Point 2: Worry endlessly about your wife, and the little tiny fragile thing growing inside her
Okay, so women have been having babies for, what, about a hundred years now? I’ve not checked Wikipedia but it’s got to be at least that. So I shouldn’t be worried about how it all works, should I?
But, what really stops him getting all tangled up in there? It’s worrying. Really.
And, each individual horrible disease, genetic flaw, whatever, they’re all pretty rare. But when you’re rolling the dice so many times…
I just really hope it all goes okay.
Of course, everyone’s supposed to say “whatever happens I’ll love him” and of course that’s true for me too. But it doesn’t stop me really really hoping that there’s nothing at all wrong with him.
We had a couple of hiccups, early on, with a worries about ectopic pregnancy, or no pregnancy at all. It all turned out okay, but I can’t really remember dread like that before, and I don’t want to experience it again. Worried because I could see Jane so worried, and I knew how devastating it would have been for her, and worried because I began to realise how much I wanted a child now.
The rest of the pregnancy has gone pretty much without a hitch, so now there’s just the other things to worry about, that he’ll have everything in the right order and not be… different. And feeling guilty about thinking like that. But I do.
Point 3: Worry about the future
Up until now, my life story has been scribbled, figuratively speaking, on scraps of paper. I never bothered to write what was going to happen next, when a new thing came into my life, I just found another scrap of paper to write it on. There was no next year, next decade, sometimes there was barely a tomorrow. The only post-dated scrap of paper had written on it “drop down dead”.
And then I got married and suddenly having Some Kind of Plan seems like a good idea. Maybe at least planning what you’re going to eat for the rest of the week. Nothing major.
Then a baby comes into the picture. And you get handed a great ream of blank note paper. With chapter headings dated up until 2050 and beyond. Things that are going to happen to this young person, and I want to be around to see them.

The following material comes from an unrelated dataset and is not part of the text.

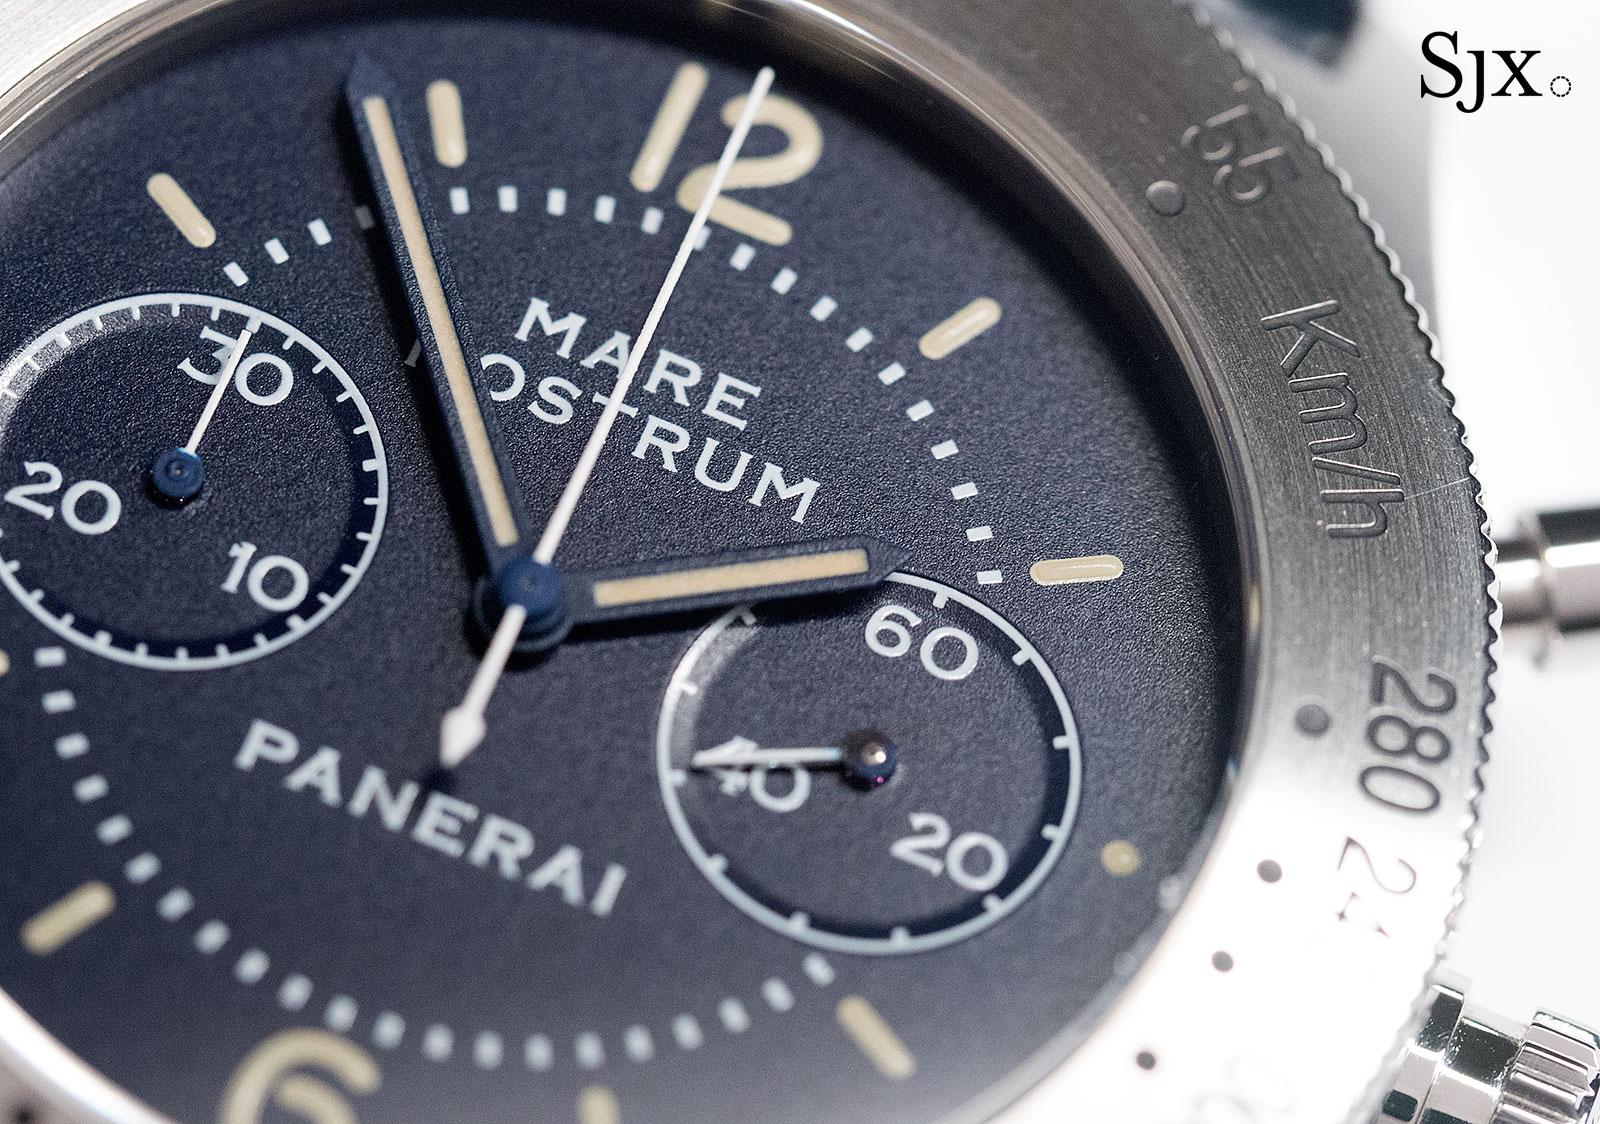 Panerai Mare Nostrum PAM 716 chrono 6
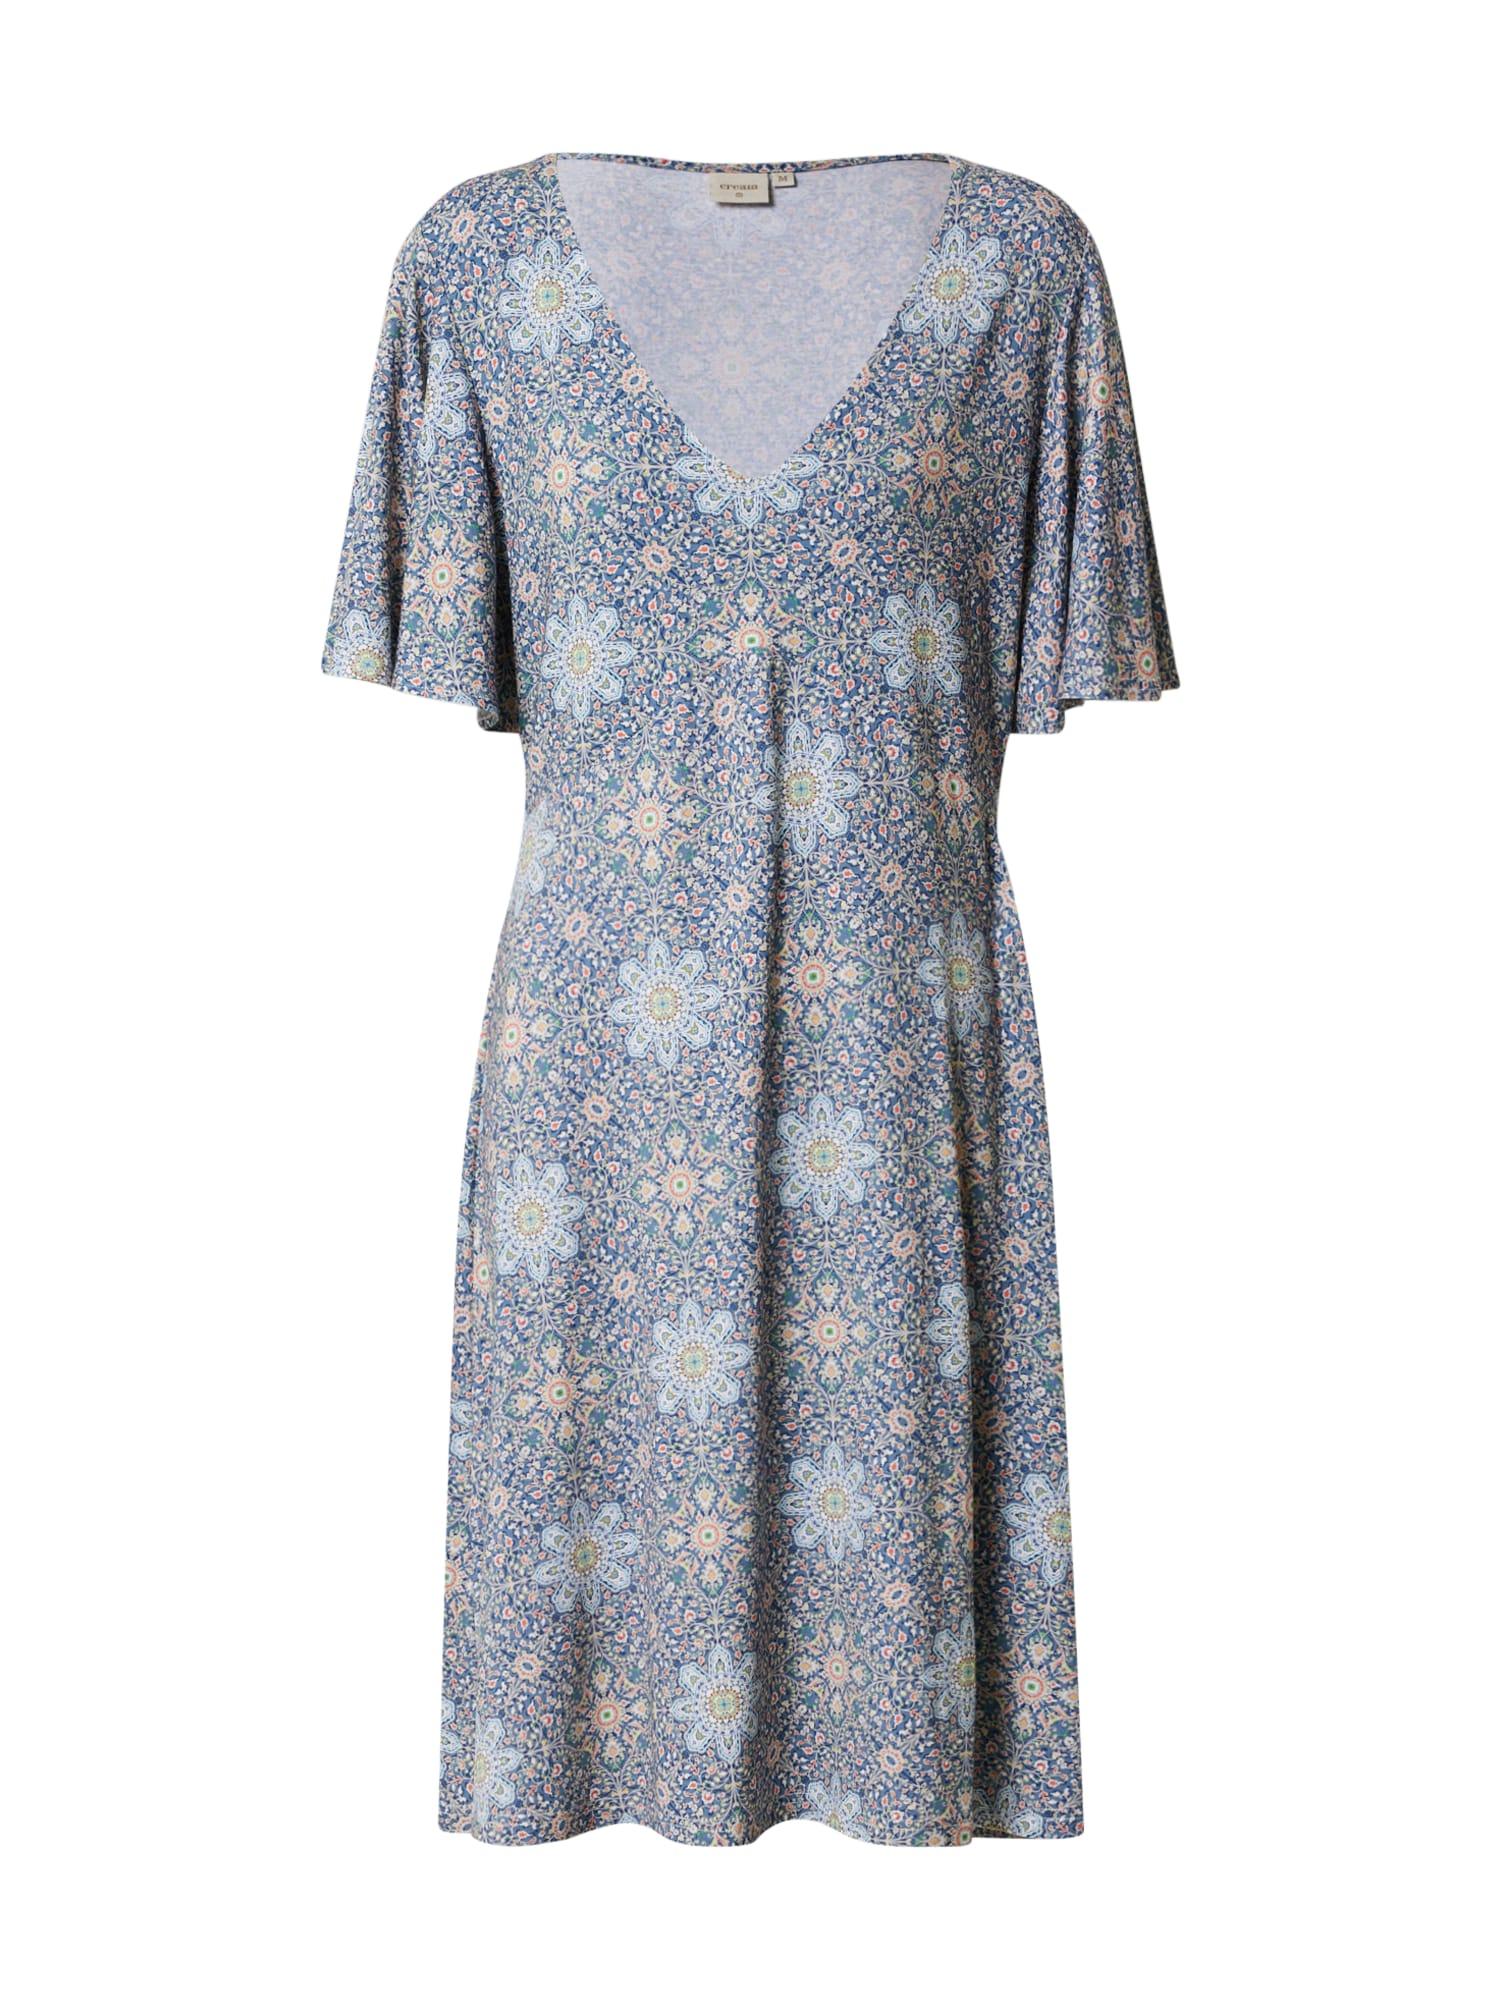 Cream Vasarinė suknelė 'Ava' vilnos balta / mėlyna dūmų spalva

Before, the future was unknown, but I didn’t care because it only affected me. Now, the future is unknown and I care a lot because it affects someone else.
I’m still working on that one. I think it needs to be approached from two angles, both mitigating for what could happen, and also realising that there’s nothing that going to stop it happening, so it’s best not to worry about it too much.
I’ll let you know how I get on with that.
In summary
So, you may have got the gist that being a prospective father is worrying about a lot of things, all those above and more.
Worrying, but then dealing with each worry one by one; and doing it in a way that you look like you know what you’re doing.
So that maybe, somewhere down the line, some small person might think you’re Superman too.